De cada diez parejas que se casan, tres se divorcian y un porcentaje muy alto de las que se separan lo hacen en los primeros tres años, incluso muchas de ellas ya tienen un niño pequeño.

Estas cifras inquietan, pues la separación, a pesar de ser una opción legítima, constituye un evento de gran impacto en la vida de la mayoría de las parejas que se ven abocadas a esta decisión. Es una situación compleja que tiene efectos legales, económicos, sociales, familiares y, sobre todo, emocionales.

Aunque en general el hecho no se toma como un inconveniente menor, hoy parece haber muchas razones, además de las tradicionales, como la infidelidad y las dificultades sexuales, que llevan a que las parejas se separen cada vez más temprano.

Por un lado, hombres y mujeres tienen unas altas expectativas acerca de lo que significa compartir la vida con alguien, basados, en muchos casos, en una idea de bienestar personal que con frecuencia choca con algunas dificultades propias de la convivencia.
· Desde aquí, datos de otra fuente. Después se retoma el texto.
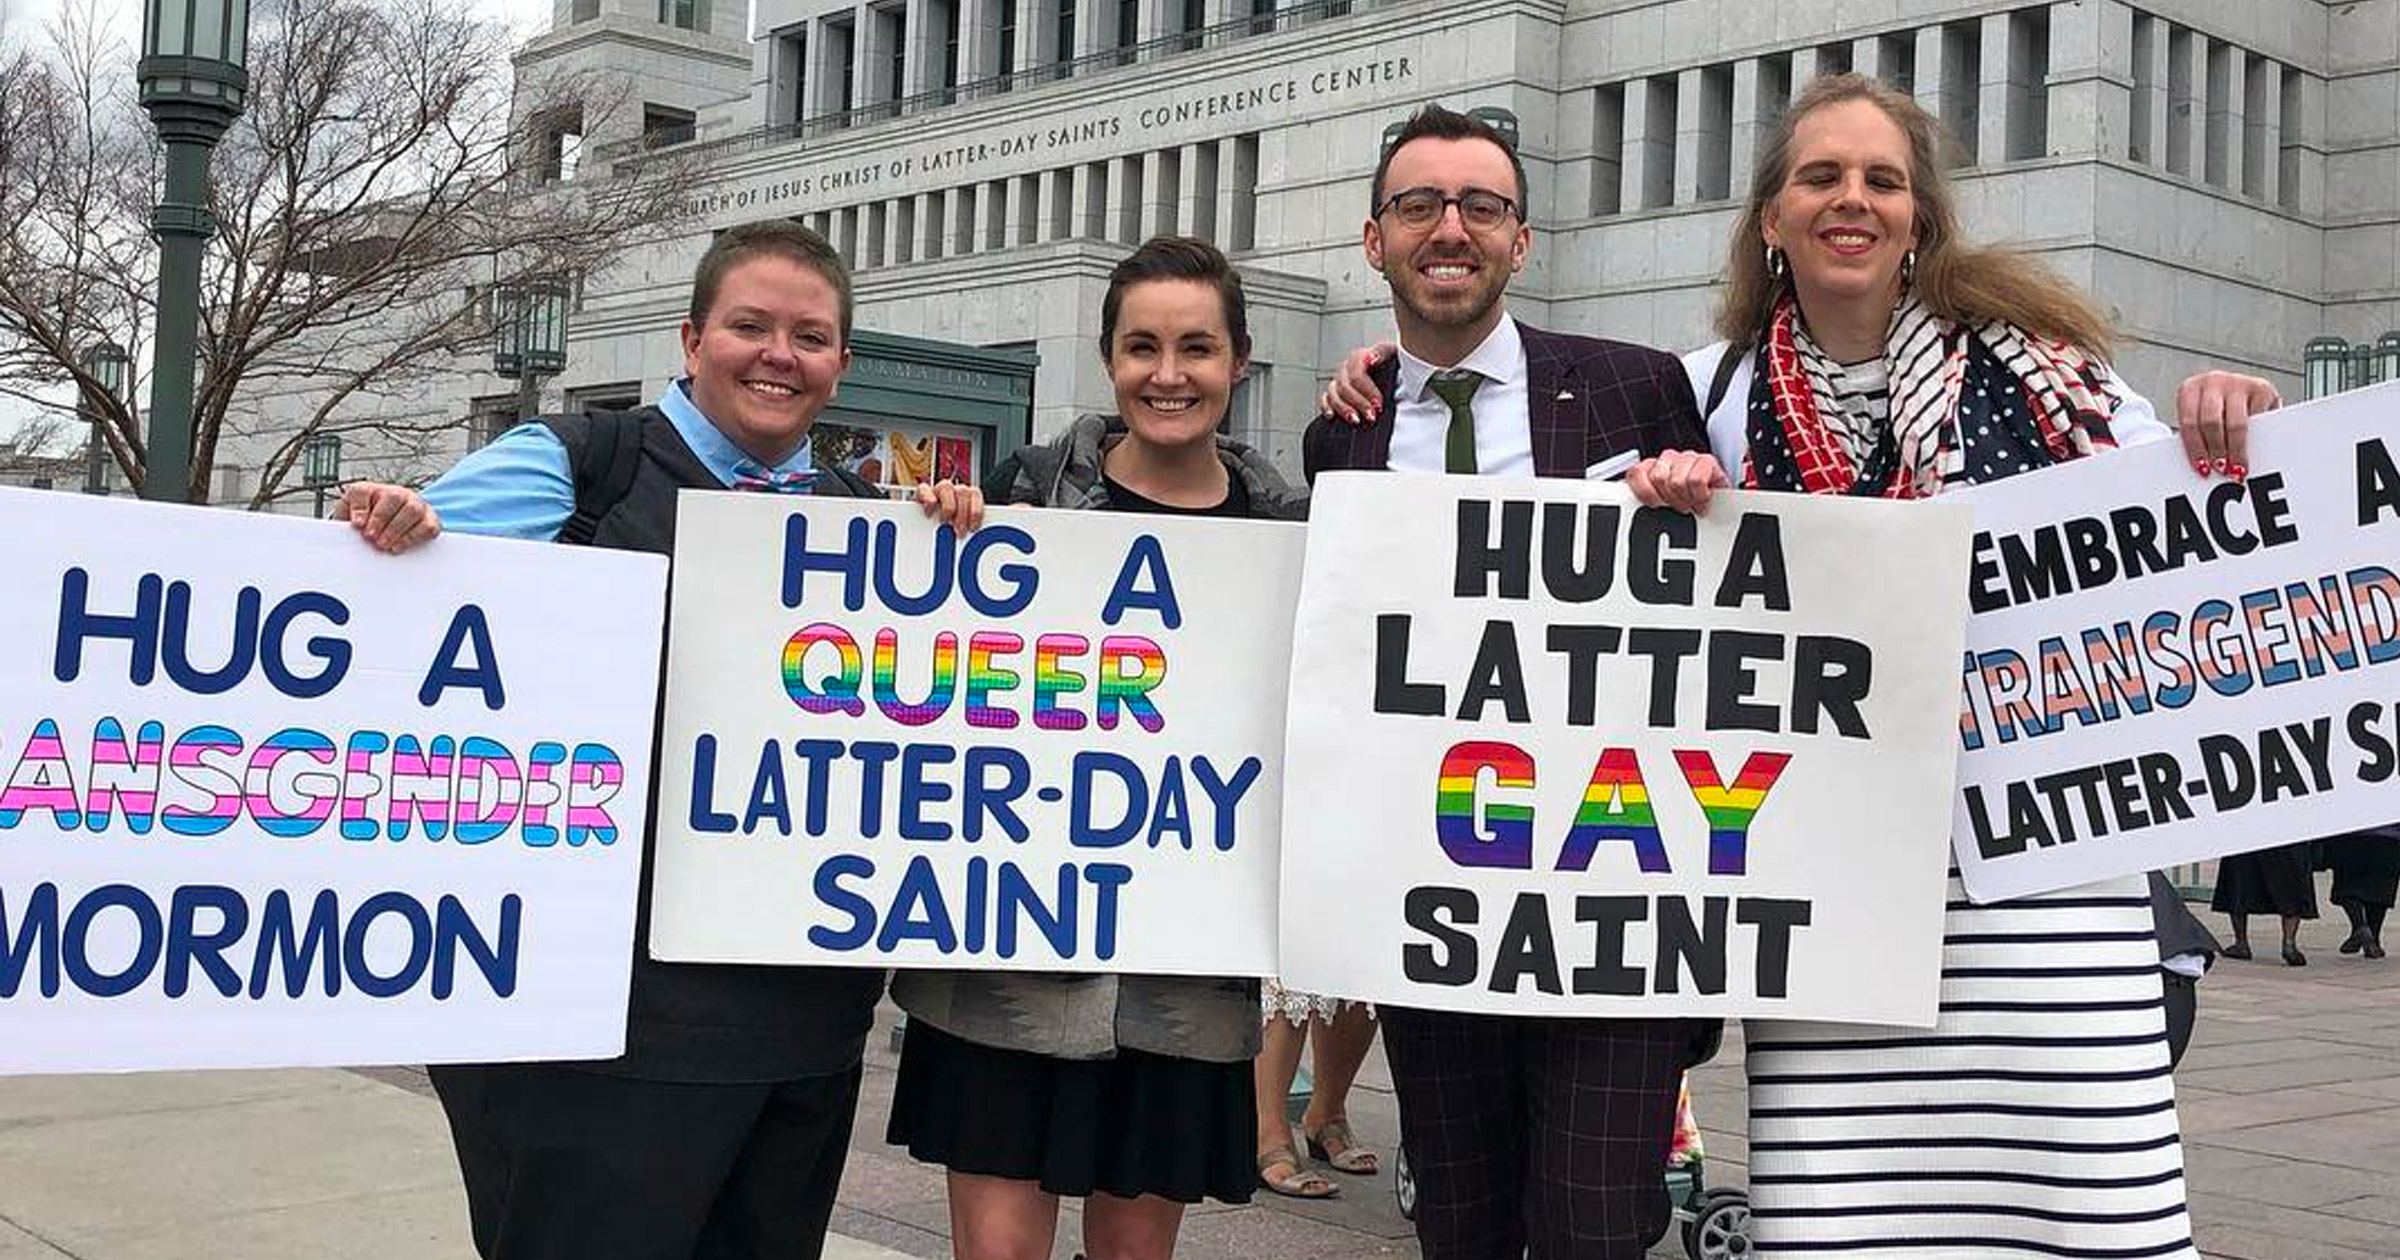 Peter Moosman abraçou um último santo gay

De otra parte, el deseo de hacer que coincidan los proyectos de unos y otros, la autonomía para tomar sus propias decisiones –que incluye también el manejo del dinero y el tiempo libre– y el uso de la tecnología en la que cada vez más las personas están inmersas lleva a que rápidamente uno o los dos miembros de la pareja llegue a la conclusión de que la persona con la que se casó no es la indicada. >
(Artículo  publicado por el diario el Tiempo y escrito por  María Helena López; psicóloga familiar)

Este artículo publicado en un medio de amplia circulación en Colombia, deja ver el estado lamentable con el que la Familia y el matrimonio son diagnosticados en un entorno secular.

Los esposos cristianos deben procurar reflejar la relación de Cristo con su iglesia y una manera de hacerlo, es mantener una manera de vivir que glorifique al Señor, de acuerdo con el modelo de las Escrituras, donde hombres y mujeres asumen gozosa y responsablemente su rol.

Algunos hermanos que padecen porque su conyugue no es creyente, deben afrontar tal situación como una buena oportunidad para ganarlos por causa de un testimonio que sea consecuente con el mensaje del evangelio.

Siempre que hay problemas de incompatibilidad, la salida que el mundo propone es el divorcio. Pero Dios, el cual instituyó el matrimonio, también dejó las directrices para que este funcione de manera correcta, aun cuando por causa del pecado las cosas no marchen de manera ideal.

Contexto: Pedro continúa su argumentación al respecto de cómo deben los creyentes responder ante la opresión por parte del mundo. Vimos en los versículos anteriores, que los cristianos deben someterse a los gobernantes y a las autoridades, que deben también someterse a sus amos o patronos; y en esta sección (vv 1-7) el Apóstol se dirige a las esposas, las cuales deben someterse a sus maridos y también se dirige  a los esposos los cuales deben amar y a tratar con ternura a sus mujeres.

Hay dos secciones claramente diferenciadas en el texto que hoy estudiaremos: (1) Un mensaje a las esposas  (v 1-6) y un mensaje a los esposo (v 7).  Las mujeres se les menciona que deben ganar a sus esposos [no cristianos] no con belleza física simplemente, sino con una belleza interna, a del corazón y a los hombres se les exhorta a tratar a sus mujeres, no con dureza sino con ternura, sabiamente.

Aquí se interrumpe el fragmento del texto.